Our selection of tagSNPs for
BRCA1 gene has one in common with tagSNPs selection of Osorio et al. [
3] (where they have used 4427T- > C as a tagSNP) and Cox et al. [
4] (Q356R as a tagSNP). In Osorio et al. their class II haplotype occurs more frequently among
BRCA1 mutation carriers. This haplotype is essentially characterized by the 4427C- > T variant allele which was used as a tagSNP in our study. We found that minor allele occurred more frequently in deleterious mutation carriers compared to non-carriers (32% vs 23%) but the evidence for this at the population level was weak p = 0.25. Cox et al. found slight increase in risk of breast cancer with the Q356R polymorphism, contradicting an earlier result showing an inverse association [
15]. We found that Q356R occurred more frequently among deleterious mutation carriers but again the evidence at the population level was weak.
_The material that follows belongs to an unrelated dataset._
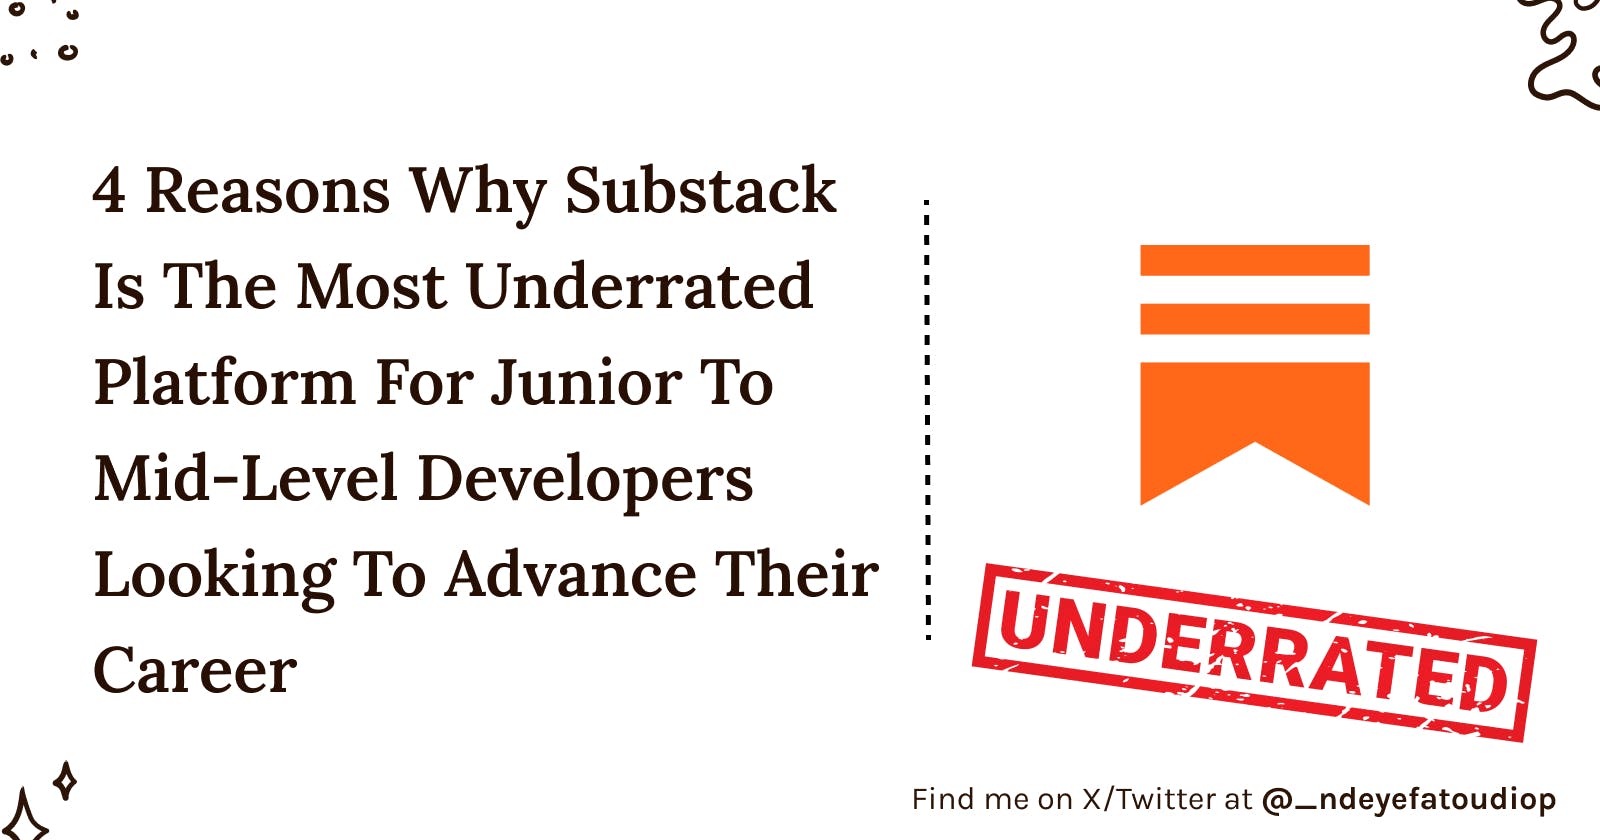 4 Reasons Why Substack Is The Most Underrated Platform For Junior To Mid-Level Developers Looking To Advance Their Career

There have been several case control studies seeking
BRCA1 and
BRCA2 variants associated with an increased risk of breast cancer. Freedman at al. [
16] investigated if common
BRCA2 variants contribute to the more common forms of breast cancer in a large multiethnic cohort. Twenty one tagging SNPs were selected to predict common
BRCA2 haplotypes. A number of haplotypes were found to be associated with increased risk of breast cancer, all of which could be attributed to a single marker (intron 24: rs206340) that was not selected as a tag SNP for analysis in our study. Freedman at al. [
17] repeated similar analysis on
BRCA1 gene. Specifically, they have used 28 variants to define patterns of common variation (5 in common with variants used in our study: Q356R, P871L, K1183R, S1613G and E1038G). They found no evidence for significant association between common variation in
BRCA1 and risk of breast cancer.
The suggestive associations that we have observed do not imply a physical association on the same chromosome (as would be the case if the rare, deleterious mutation was in cis phase with a haplotype consisting of, for example, the minor alleles of several common variants) or a functional association (as might be the case even if the rare, deleterious mutation was in trans phase with a common variant haplotype, since it may still act to modify the penetrance of the disease causing variant). Establishing the phase of rare, deleterious mutations and the common variants we used to define haplotypes for both BRCA1 and BRCA2 would require either a much larger sample size than was available for this study, genetic data from extended pedigrees or expensive laboratory investigation.
Acknowledgements
We are grateful to all the individuals who participated in this research, and thank the interviewing staff and co-ordinators, the database management team and directors and the laboratory staff and managers. This research was funded in part by the National Health and Medical Research Council (NHMRC) of Australia and the National Institutes of Health (NIH) in the USA. Lyle C Gurrin, Melissa J Southey and John L Hopper are supported by the NHMRC.
Competing interests
The authors declare that they have no competing interests.
Authors' contributions
JLH conceived the idea of the ABCFS and co-designed the current study. LCG assisted with statistical analysis and writing the manuscript. GSD designed and maintained the database for ABCFS, conceptualized the structure of data extracts for the current study and assisted with data formatting for current analysis. MCS supervised and in some cases performed the sequencing and genotyping of variants used in this study and is responsible for the biospecimen repository from which samples were drawn. MB co-designed the current study, advised on haplotype analysis and statistical analysis of genetic variants and did critical edits of the statistical methods section of the manuscript. LT collated data into required format for genetic association analysis, performed analysis and wrote the draft of the paper. All authors read and approved the final manuscript.